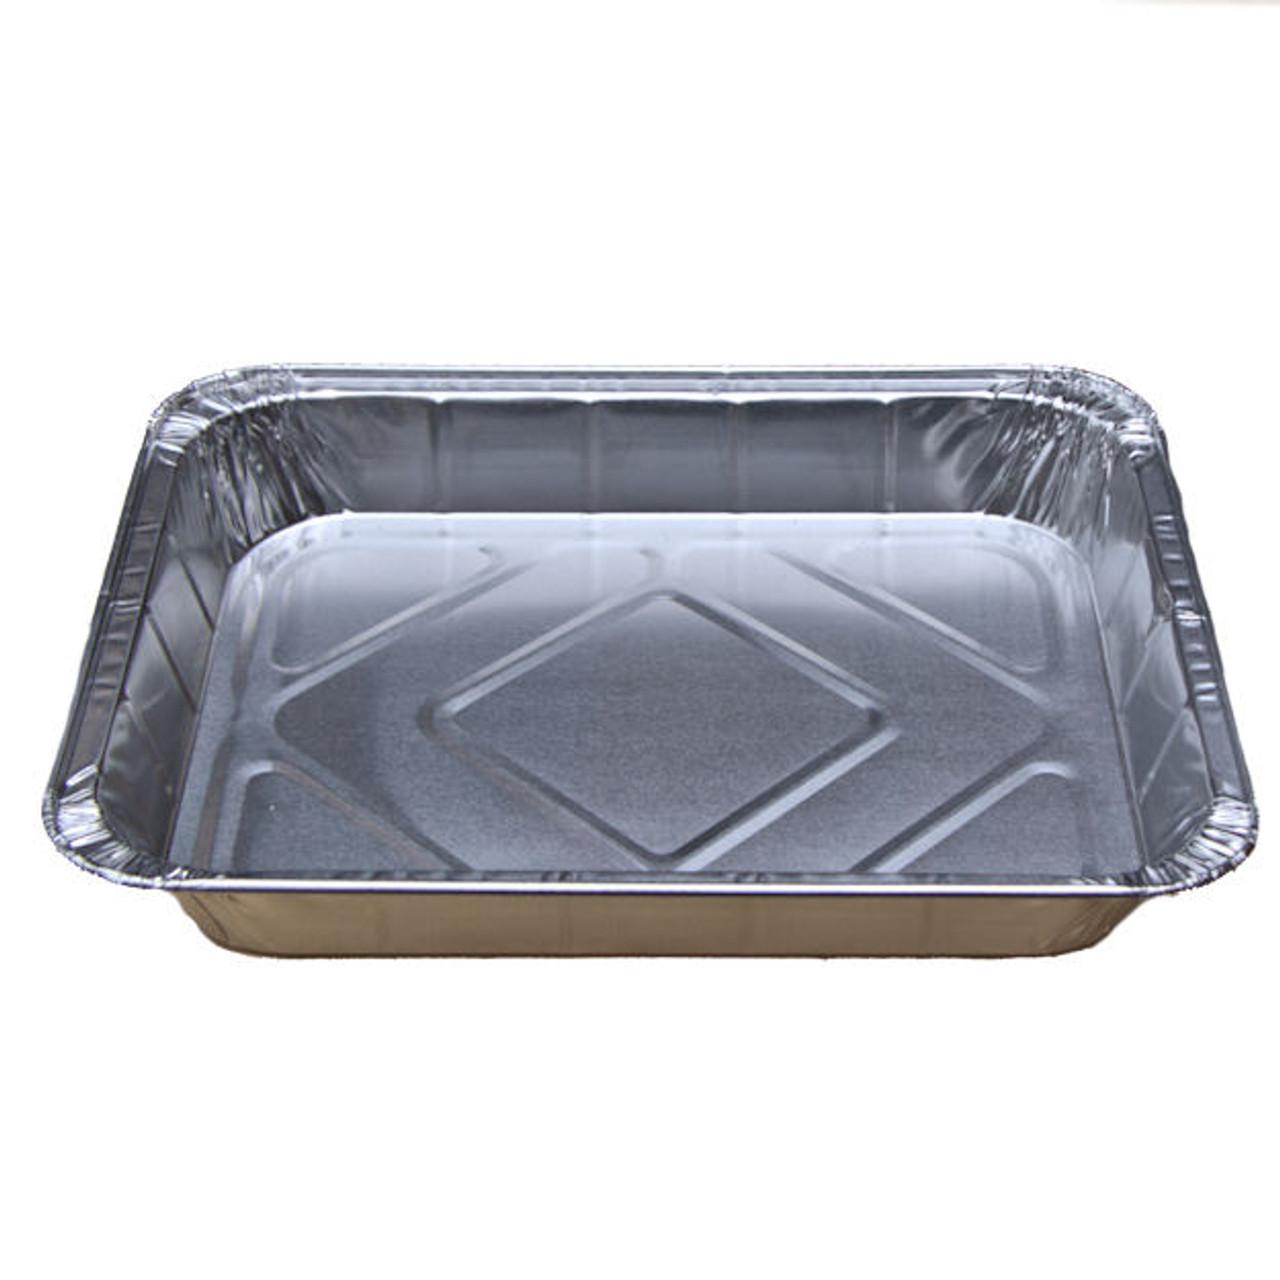 "Large Foil Baking/ Roasting Tray ( 320 x 260 x 40mm ) 121/2""x 101/4""x 11/2"""
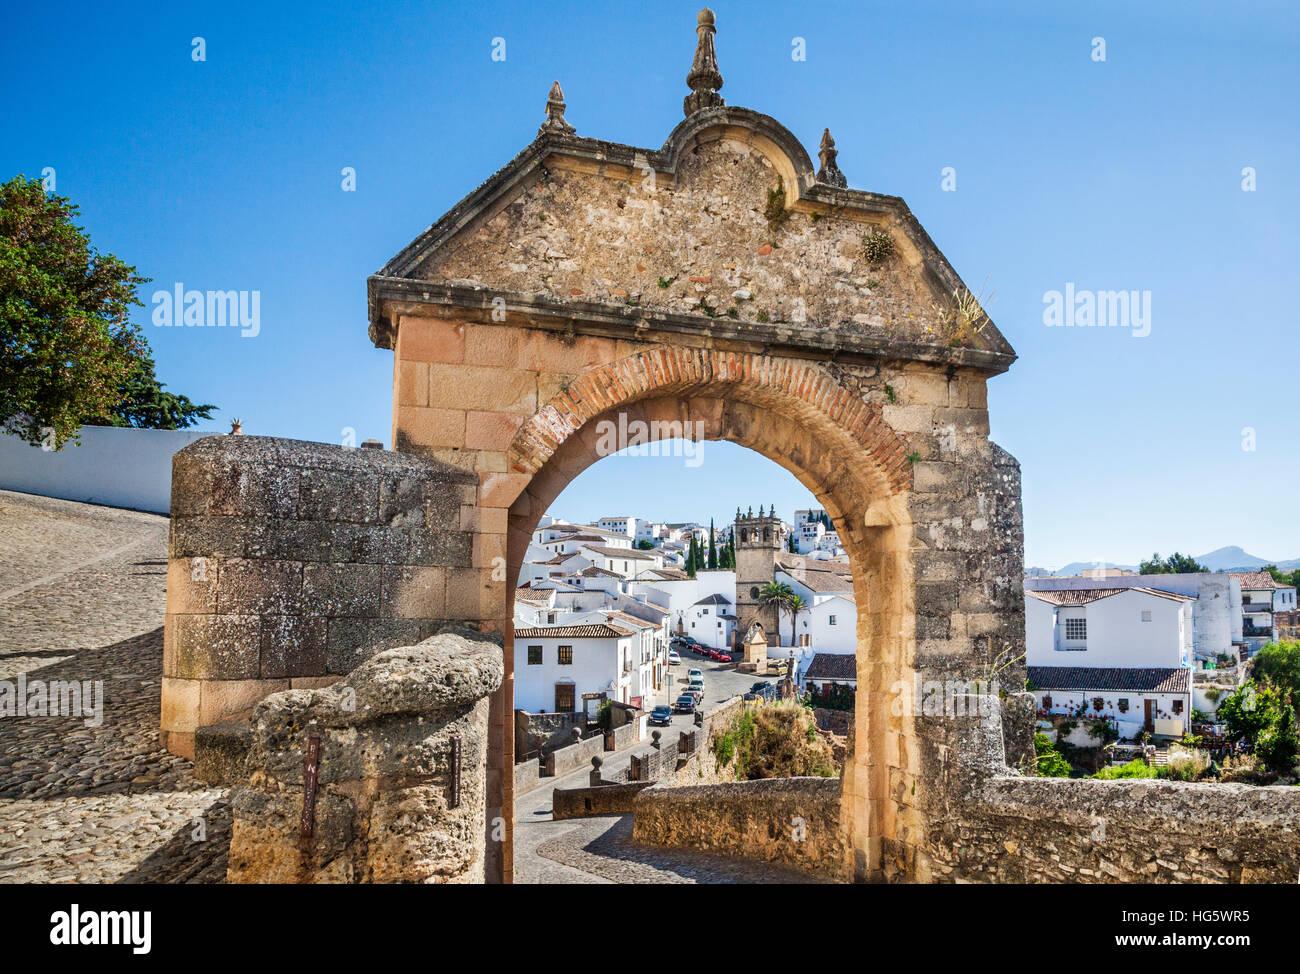 Spanien, Andalusien, Provinz Malaga, Ronda, Iglesia de Nuestro Padre Jesus und Puente Viejo (alte Brücke), Stockbild
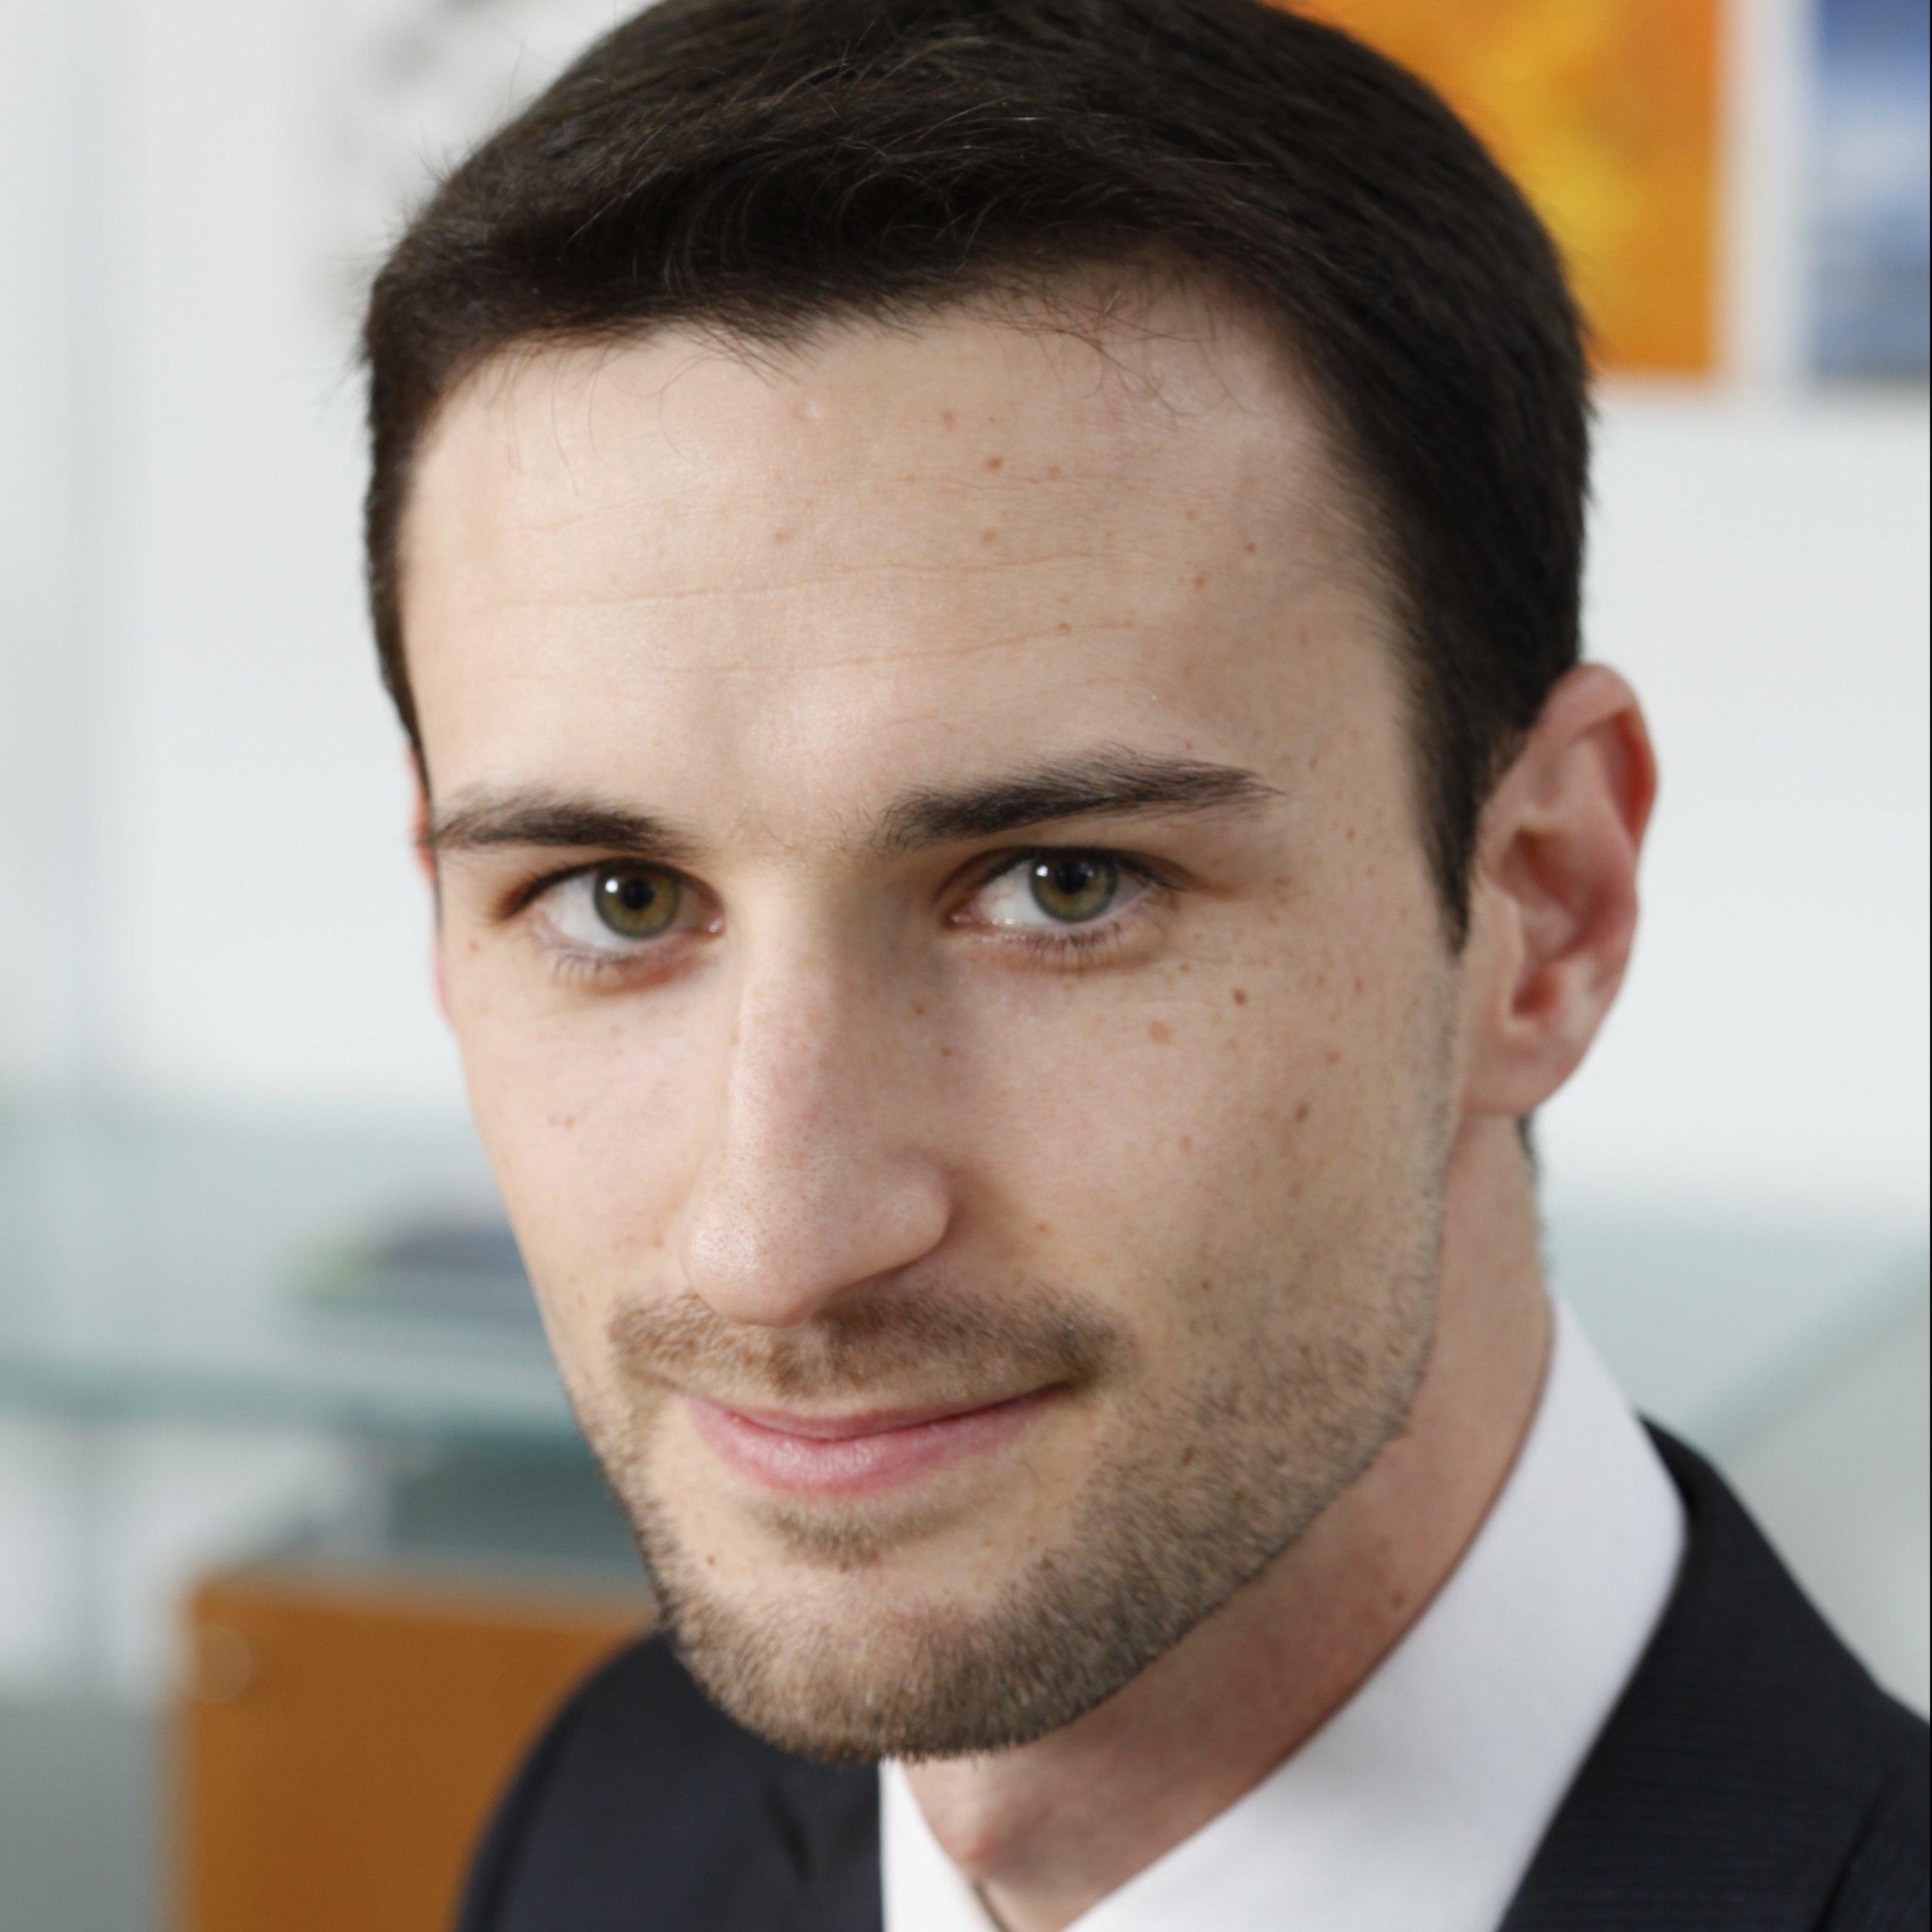 Julien CheHowah - Portfolio Manager, European EquitiesFOURPOINTS Investment Managers (Paris)
◆ ◆ ◆ ◆ ◆
> **ABOUT THIS TASK**
Print the material word for word; images are to be left out.

> **RESULT OF THE TASK**
 "Large Foil Baking/ Roasting Tray ( 320 x 260 x 40mm ) 121/2""x 101/4""x 11/2"""
 Spanien, Andalusien, Provinz Malaga, Ronda, Iglesia de Nuestro Padre Jesus und Puente Viejo (alte Brücke), Stockbild
 Julien CheHowah - Portfolio Manager, European EquitiesFOURPOINTS Investment Managers (Paris)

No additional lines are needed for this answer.